Southern Crescent Anesthesiology
We've all probably seen them: unpaid medical directorships. Yes, sometimes they're demanded by a facility, from ASCs to hospitals, as a part of the "deal" for an exclusive contract. And sometimes they're offered by the anesthesia group to induce the facility to choose it as the exclusive provider.
But free isn't always free. Sometimes it costs millions, as in the 2018 settlement of allegations that CRNA David LaGuardia (LaGuardia) and his anesthesia entities Southern Crescent Anesthesiology, PC (SCA) and Sentry Anesthesia Management, LLC (Sentry) provided a free medical director to an ASC.
The portion of the settlement allocated to the free directorship wasn't specifically disclosed, because it was part of an overall $3.2 million settlement paid to the federal government by a medical practice (Georgia Bone & Joint), an ASC (Southern Bone & Joint, aka Summit Orthopaedic Surgery Center) and La Guardia, SCA and Sentry that also resolved allegations that Georgia Bone & Joint and LaGuardia submitted false claims to Medicare for non-FDA approved prescription drugs purchased outside the U.S.
The Bottom Line on Management Services/Expense-Shifting Arrangements
Although on the first level, they might appear to be commercially reasonable, arrangements by which anesthesia groups provide anything of value to or for a facility in connection with the right to provide services to patients is fraught with AKS danger. This is true whether the items or services are demanded by the facility or a surgeon . . . or offered by the anesthesia group. Same issue. Same bottom line. Same potential crime.
Just as in connection with the company model arrangements discussed above, the legal issues are highly complex and involve compliance with a criminal law statute, the AKS. Anyone confronted by, or designing, an arrangement that potentially violates the AKS must obtain counsel well versed in the issues.

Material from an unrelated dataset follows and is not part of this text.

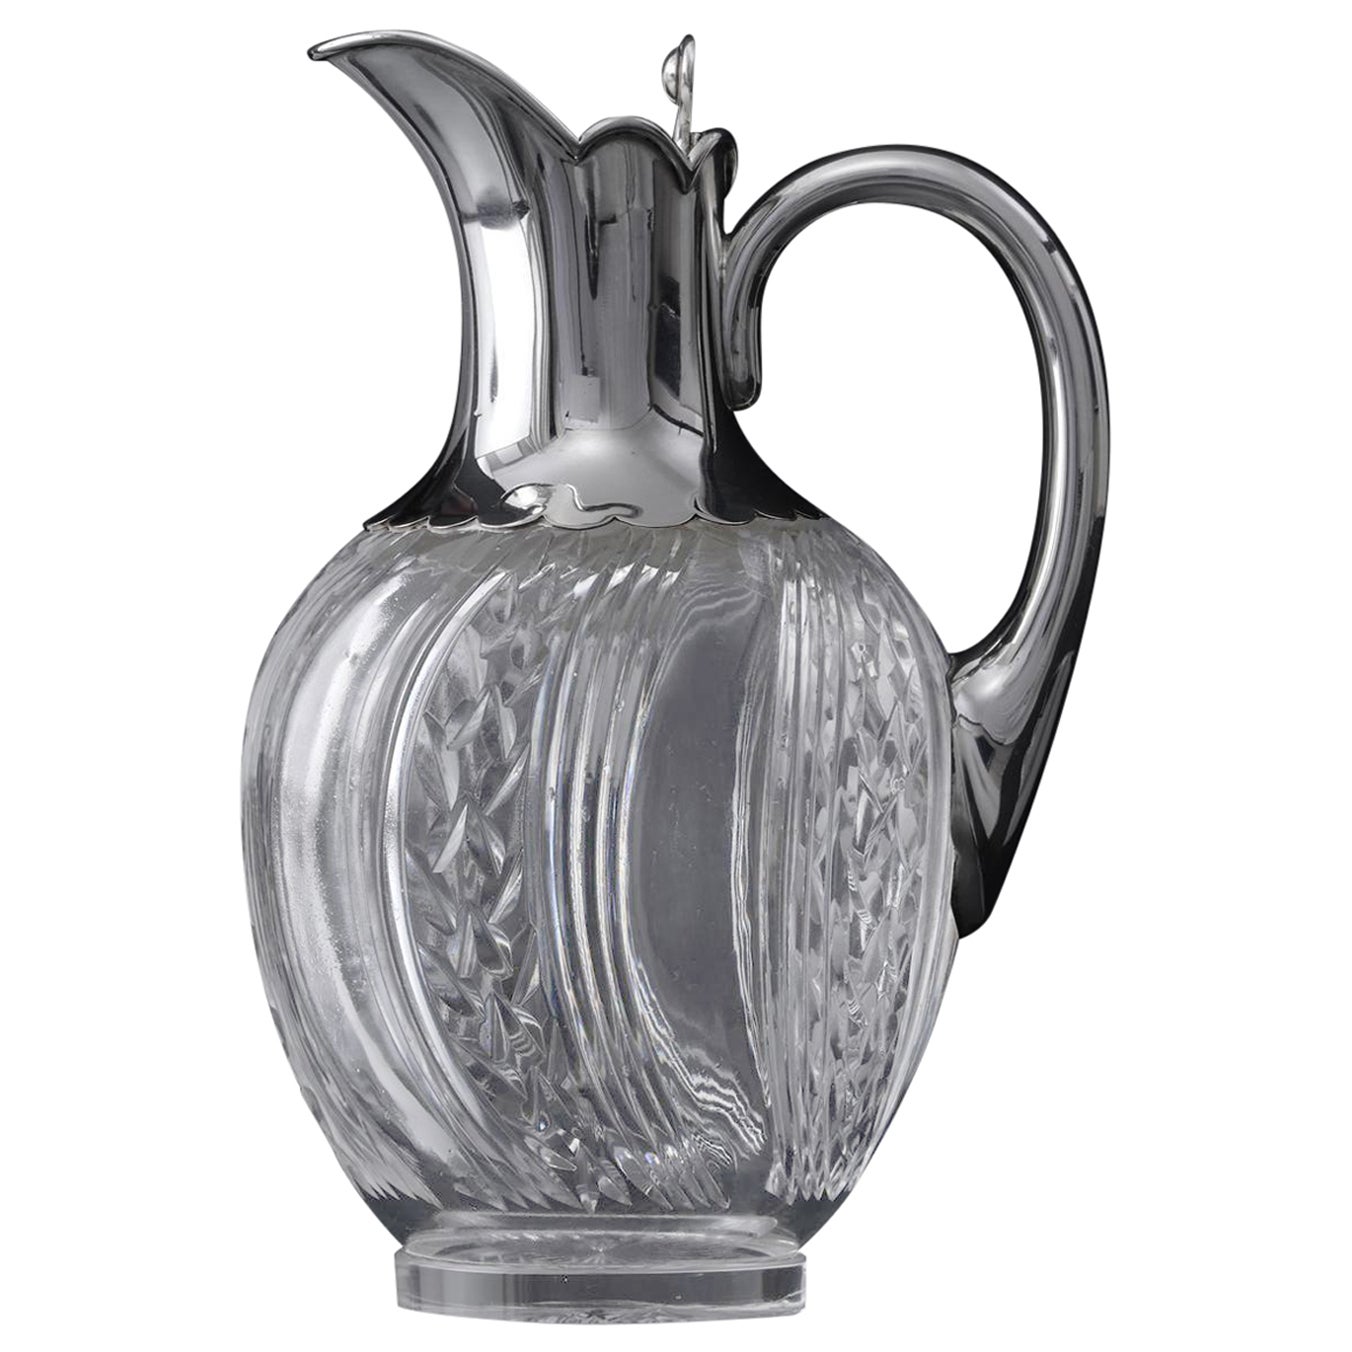 Victorian silver & crystal wine jug

Last, but not least, in answer to the question I suspect lurks in the minds of readers ("But Mark, how will I ever get caught?"), it pays to know that many cases come to light as the result of whistleblowers, whether actual whistleblowers under the FCA or just those who "drop the dime" by contacting the OIG or other federal or state authorities to report what they think might be a crime. You have to pay attention to the fact that many whistleblowers are insiders, including physicians and medical group or facility employees. Whistleblower Adam Nauss, who worked with Sweet Dreams for several years, received a portion of the settlement. So, too, did whistleblower Sharon Kopko, the former practice administrator at Georgia Bone & Joint and Summit Surgery Center.
Picture each of your employees and colleagues with a whistle around their neck.